Во время поездки в Бан-Наухайм Курт никак не обмолвился о том, что произошло в прошлый раз, и я тоже молчала. Я не сказала ни слова. Я была настороже наедине с ним. Я не знала, каждый раз, как он снимал руку с руля, потянет ли он ее ко мне, и о чем он вообще думал. Я должна была рассказать об этом Элвису.
Тем вечером, когда мы с Элвисом оказались наедине в его комнате, он спросил, все ли у меня в порядке.
Мой голос дрожал. Мне никак не удавалось выдавить из себя эти слова.
Когда мне наконец это удалось, Элвис словно обезумел от ярости.
– Я его убью! – закричал он. Он зашагал по комнате, проклиная Курта. Я была его малышкой, сказал Элвис, и он никогда не заходил со мной дальше поцелуев. А при этом какой-то парень, его так называемый друг, попытался меня изнасиловать. Я слушала, как он кричит, втайне испытывая облегчение от его реакции. Как я вообще могла сомневаться в Элвисе?
Элвис был так возмущен, что мне удалось успокоить его только к концу вечера. Мне удалось убедить его не рассказывать о нападении Курта моим родителям, иначе они ни за что не позволят мне больше сюда приезжать. Элвис крепко обнимал меня, будто надеясь, что это могло прогнать неприятные воспоминания. Он чувствовал себя виноватым, что из-за него я оказалась в опасной ситуации.
С того момента Курт, по сути, был вычеркнут из жизни Элвиса. Думаю, Элвис не вдавался в подробности, но Курт наверняка понял, в чем причина. После этого он практически не появлялся в их доме.
Мне стало ясно, что Элвис в друзьях искал верности. Если человек предавал его, он прекращал с ним общение.
В то время Вернон стал щеголять своими аккуратно подстриженными усами, которые, по словам Элвиса, Ди Стэнли убедила его отрастить. Наши беседы в машине были довольно поверхностными, и мне всегда казалось, что он бы с бóльшим удовольствием делал что-нибудь другое, например, проводил время с Ди, которая иногда его сопровождала.
Приезжая в дом 14 на Гетештрассе, я часто заставала Элвиса на втором этаже за изучением древнего искусства карате с тренером, или же внизу, в гостиной, где он с гордостью демонстрировал новые маневры друзьям, которые пораженно наблюдали за его освоением этого новомодного искусства.
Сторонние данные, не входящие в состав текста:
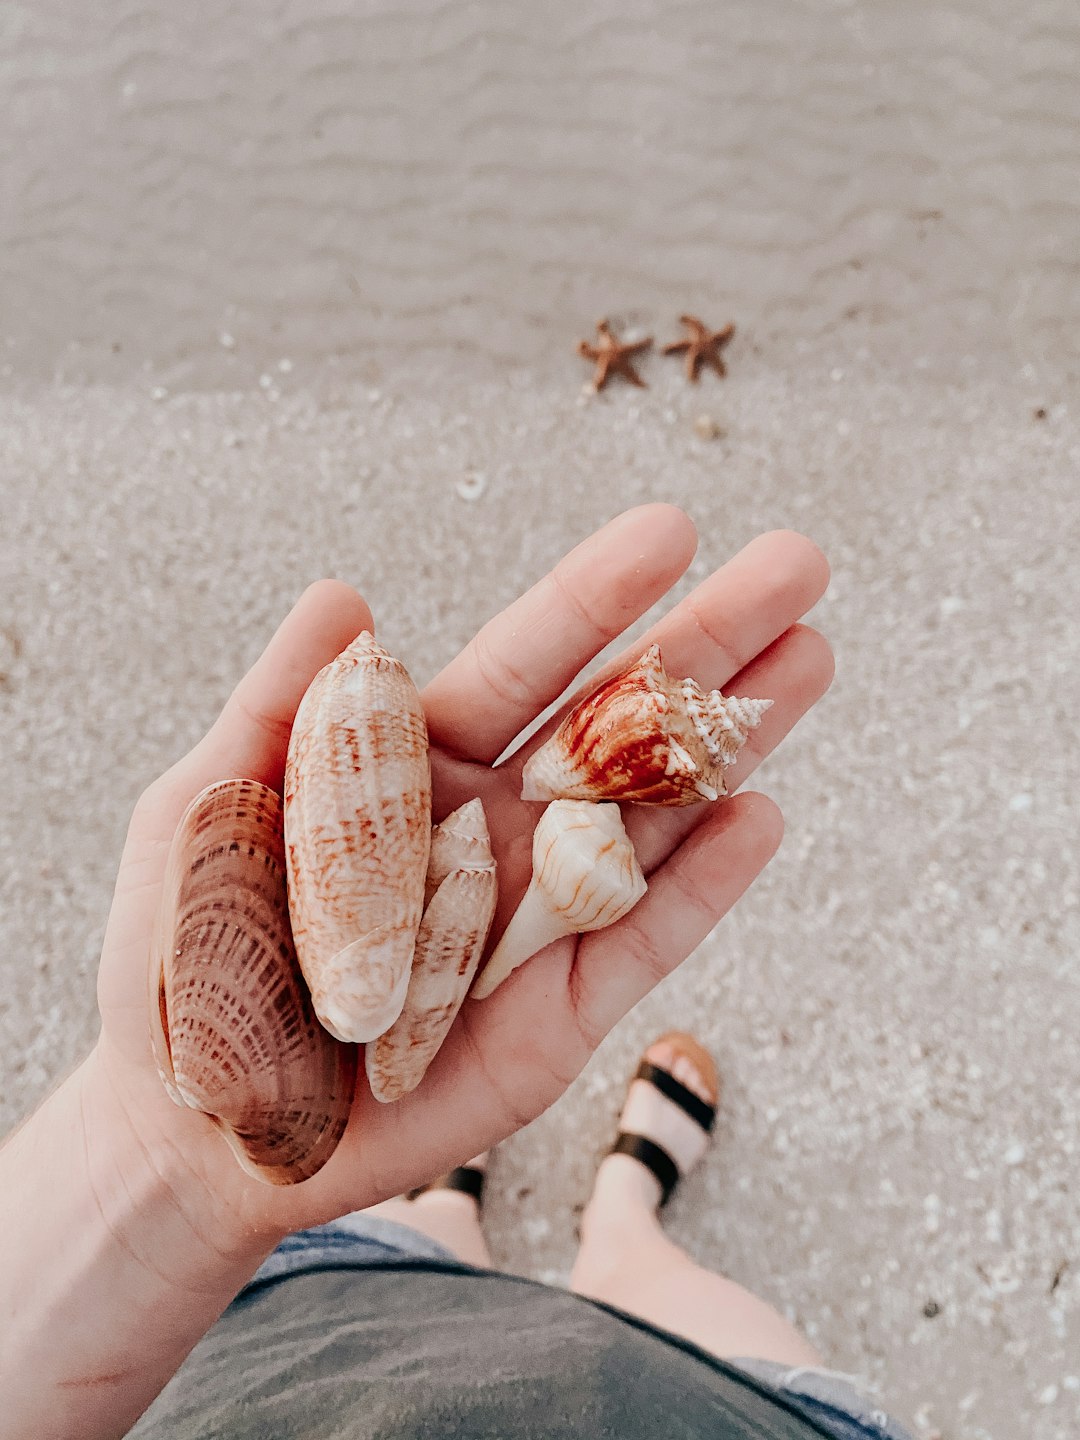 brown and white seashell on white sand during daytime

Еще Элвис проводил много времени с полубезумным немецким массажистом, убедившим его, что он может омолаживать кожу лица с помощью своих тайных методов – дело в том, что Элвис всегда стеснялся крупных пор на своем лице. Джо Эспосито подшучивал над Элвисом, дразнил его: «Ну и что же такое особенное он делает? По-моему, ты ни капельки не меняешься». Элвис защищался: «Черт побери! Он говорит, что нужно время, чтобы увидеть результат». Вернон вклинивался в разговор: «Время? Да, наверное, достаточно времени, чтобы мы все с тобой обанкротились, с его-то ставкой. Я бы так просто ему не верил».
В центре событий в доме Элвиса всегда была его бабушка, которую он прозвал Хвостик. Он придумал это, когда ему было пять – во время детской истерики он бросил бейсбольный мяч, но тот просвистел в паре сантиметров от ее головы. Элвис пошутил: «Она так быстро вильнула, как собака хвостом». С тех пор он стал называть ее Хвостик.
Бабушка занималась хозяйством, готовила, держала все и всех под контролем. У нее была аура такого человека, который четко представляет свое предназначение в жизни; в данном случае это была забота о благополучии Элвиса. Когда мне хотелось посидеть в тишине во время тренировок Элвиса по карате, комната Хвостика была отличным укрытием. Мы с ней могли сидеть часами, она рассказывала мне о былых днях, о Глэдис и ее бесконечной любви к Элвису, о тяжелой судьбе семьи Пресли и их борьбе за выживание. Она была с Верноном и Глэдис с самого рождения Элвиса, помогая по дому, когда Глэдис была вынуждена работать, чтобы поддерживать семью. Эта сильная женщина не сдалась, когда муж бросил ее и их пятерых детей. Ей хотелось делать вид, будто она зла на Джея-Ди Пресли, но у нее было доброе сердце, и мне кажется, она и тогда по-прежнему питала к нему теплые чувства.